A total of 79 study subjects (40 HFS and 39 controls) were included. Table 1 listed the characteristics of HFS patients and controls. There was no statistically significant difference in age and gender. The ICC for the tortuosity index between the two raters was near perfect. The ICC for BA tortuosity was 0.922 (95 % CI 0.881, 0.949), RVA tortuosity 0.971 (95 % CI 0.955, 0.981) and LVA tortuosity 0.978 (95 % CI 0.965, 0.986).
The VA was congenitally absent or hypoplastic and could not be detected by the software in 3 patients (1 right, 2 left) and 5 controls (2 right, 3 left) respectively. The tortuosity index of the BA (1.09 vs 1.16, p = 0.26, 95 % CI 1.07, 1.23), RVA (1.15 vs 1.15, p = 0.83, 95 % CI 1.06, 1.38) and LVA (1.14 vs 1.288, p = 0.16, 95 % CI 1.14, 1.44) was not different between HFS and controls, with or without adjustments for age, gender, posterior fossa volume and hypertension (Tables 1 and 2). Linear regression analysis adjusted by, duration of HFS, hypertension and posterior fossa CSF volume among patients with HFS also did not reveal any significant correlation between vascular tortuosity index of the vertebrobasilar arteries with HFS (Table 3). The tortuosity index between right and left side was also not different in those with different VA dominance (Table 4).

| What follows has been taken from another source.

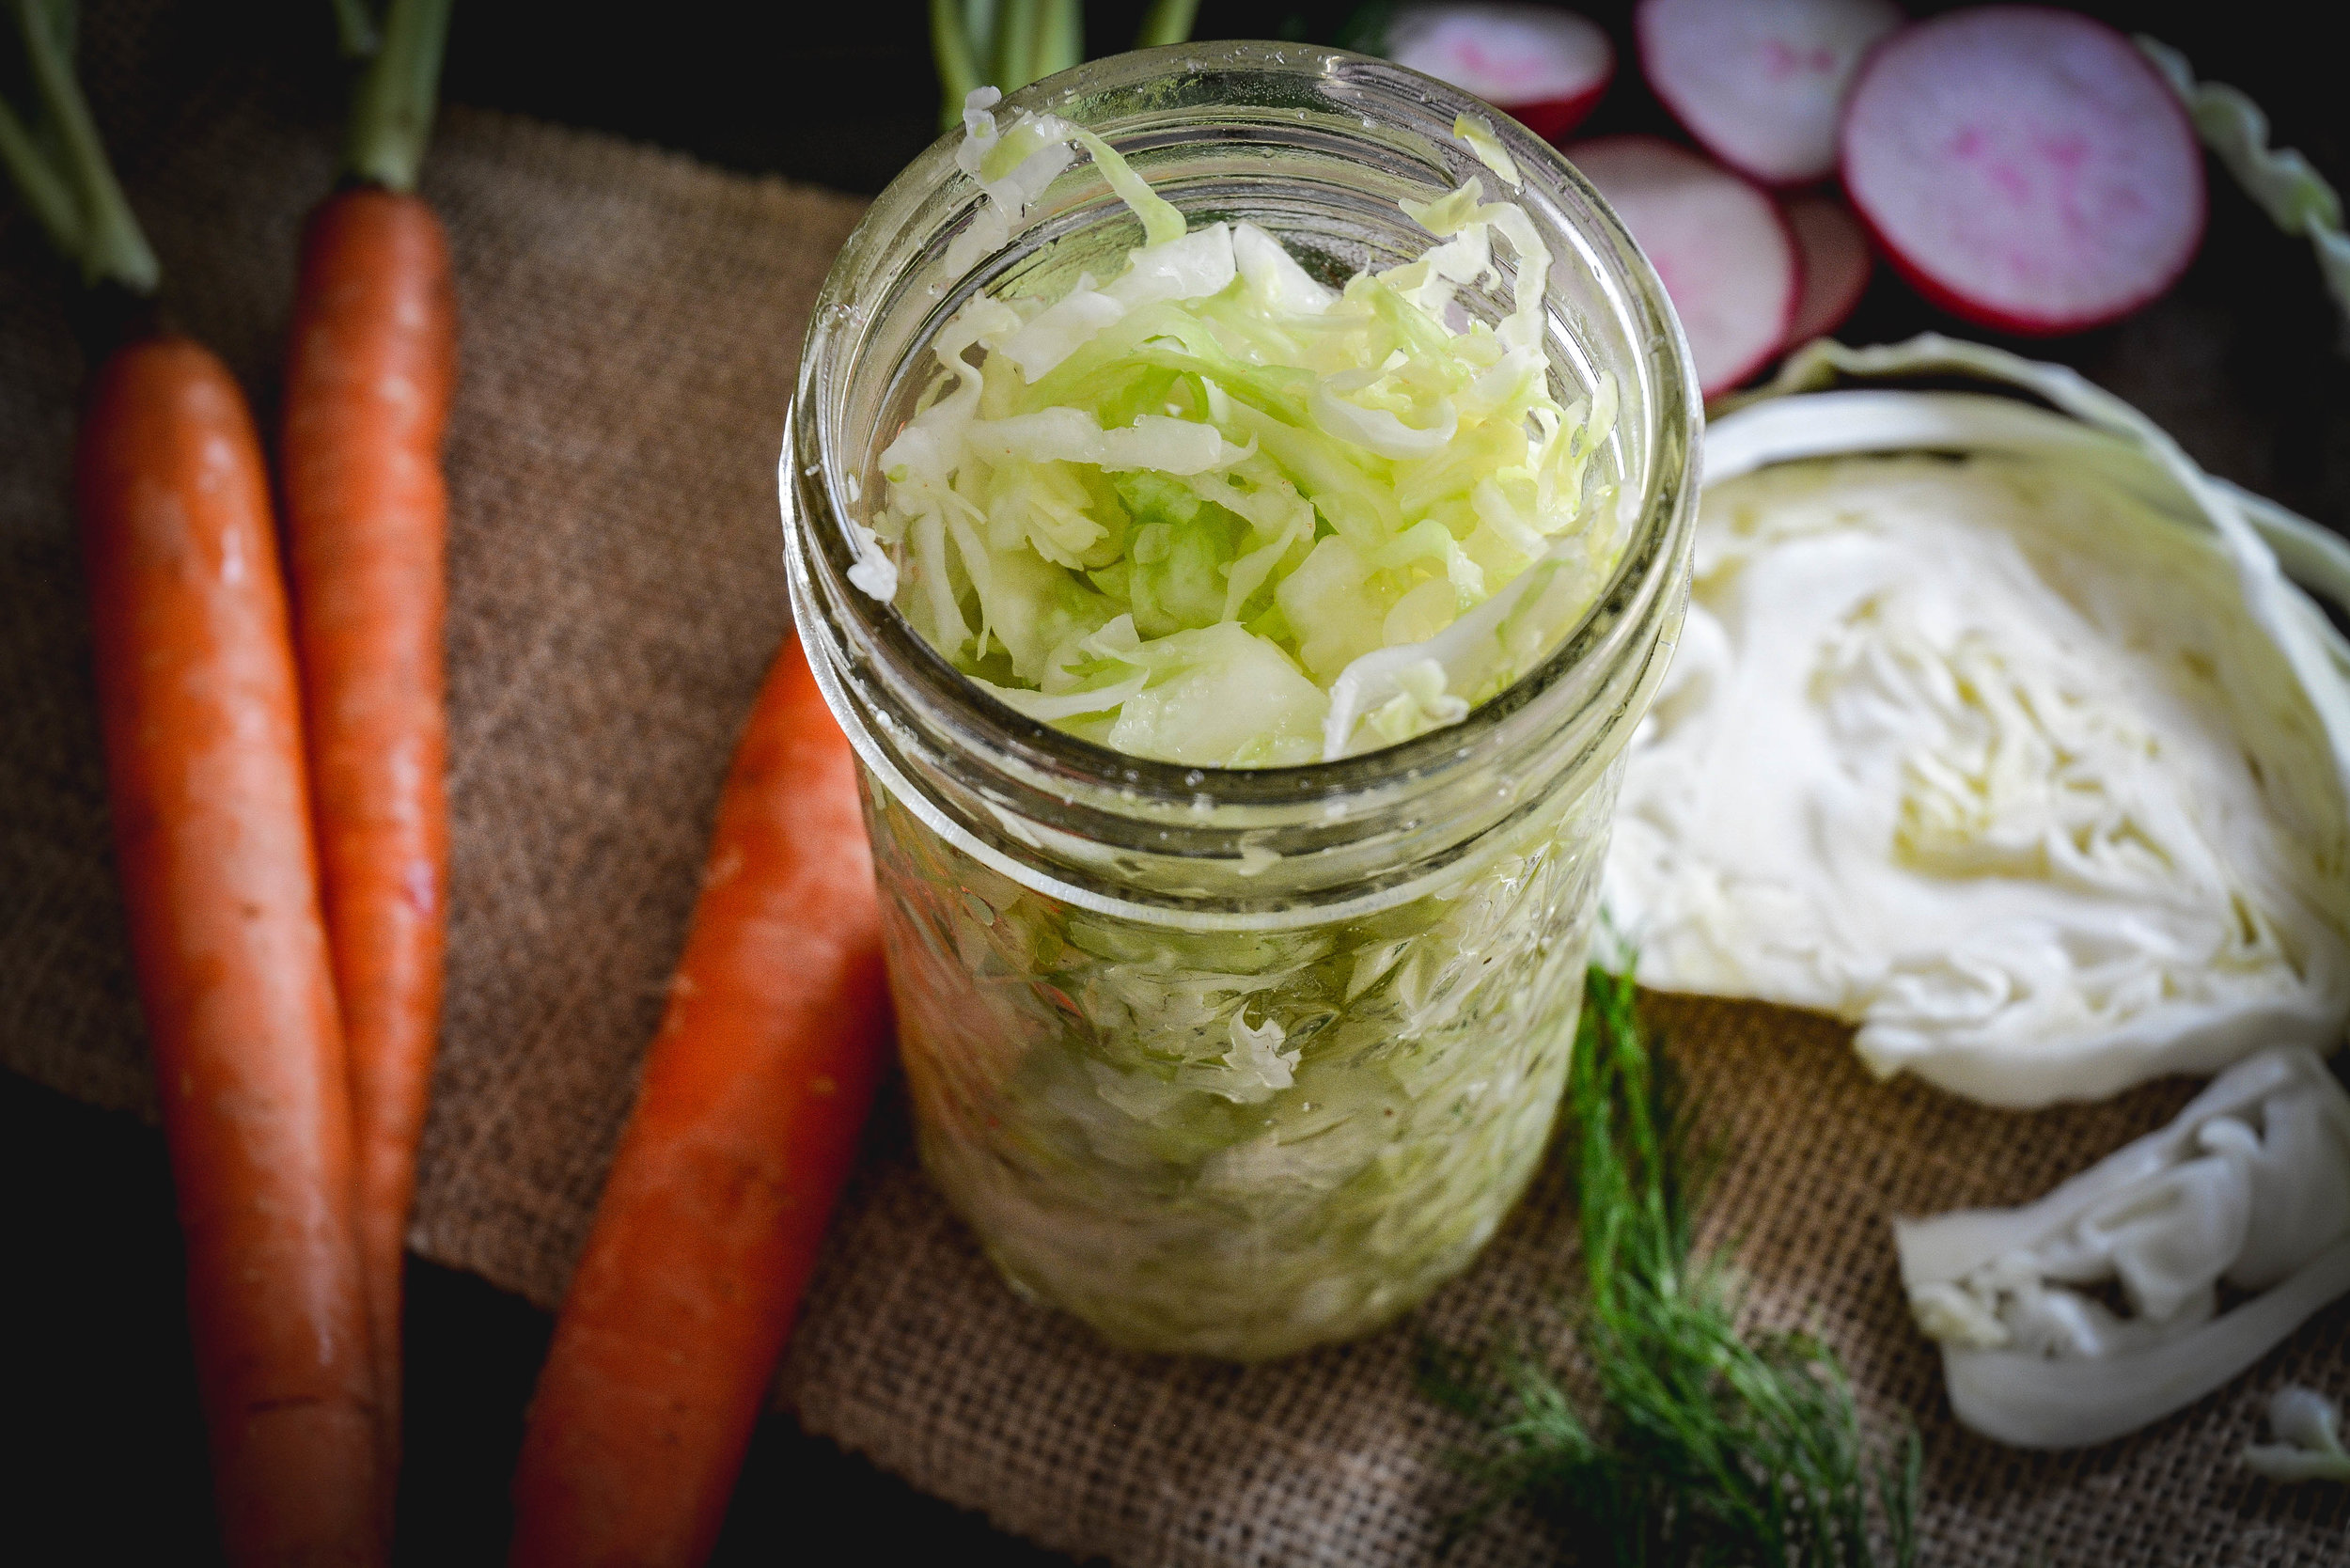 Sauerkraut in jar next to carrots, cabbage and radishes

HFS is a disabling neurological disorder and can significantly affect quality of life [14, 15]. Neurovascular conflict has been widely recognized as the most common underlying etiology of HFS [2, 3, 16]. Vascular tortuosity has also been frequently linked as a predisposing factor for the neurovascular conflict . While observations of vascular tortuosity have been reported during surgical decompression surgery for HFS , such assessments are usually qualitative and may be subjected to observer bias and limited surgical window. To our knowledge, case control quantitative assessment of vascular tortuosity in relationship with hypertension and posterior fossa volume has not been examined in HFS.
Tortuosity is a subjective concept with a variety of mathematical models ranging from more simple to complex . Whilst complex mathematical models that may more closely approximate observer rated tortuosity have been demonstrated in MR angiography of intracerebral vasculature , even very simple indices can account for the majority of the variation in observer rated tortuosity. As such, a simple index was chosen for this study, comparing the luminal vascular course to the shortest distance between its origin and endpoint.
Here we demonstrated the utility of a simple tortuosity index in 3 dimensions involving the vertebrobasilar artery system on MR angiography using a case control methodology. Since age, gender and arterial hypertension may be predisposing factors in HFS, we have recruited controls of similar age, gender and with similar frequency of hypertension as HFS. The inter-rater reliability of our assessment of the tortuosity index was assessed using the ICC. The very high ICC values (0.95 to 0.98) for the 3 vessels we examined indicated near perfect agreement between our two raters, supporting the reliability of the measurements based on reproducible and comparable landmarks.
Interestingly, our study demonstrated that the tortuosity index in the BA, RVA and LVA was not different between HFS and controls and this was independent of age, gender, hypertension and posterior fossa volume. In the analysis of tortuosity in hypertension (both cases and controls), the largest increase of tortuosity in hypertension was seen in the left vertebral artery. The presence of a dominant vertebral artery and angulation of the vertebrobasilar junction has been suggested to be linked to HFS .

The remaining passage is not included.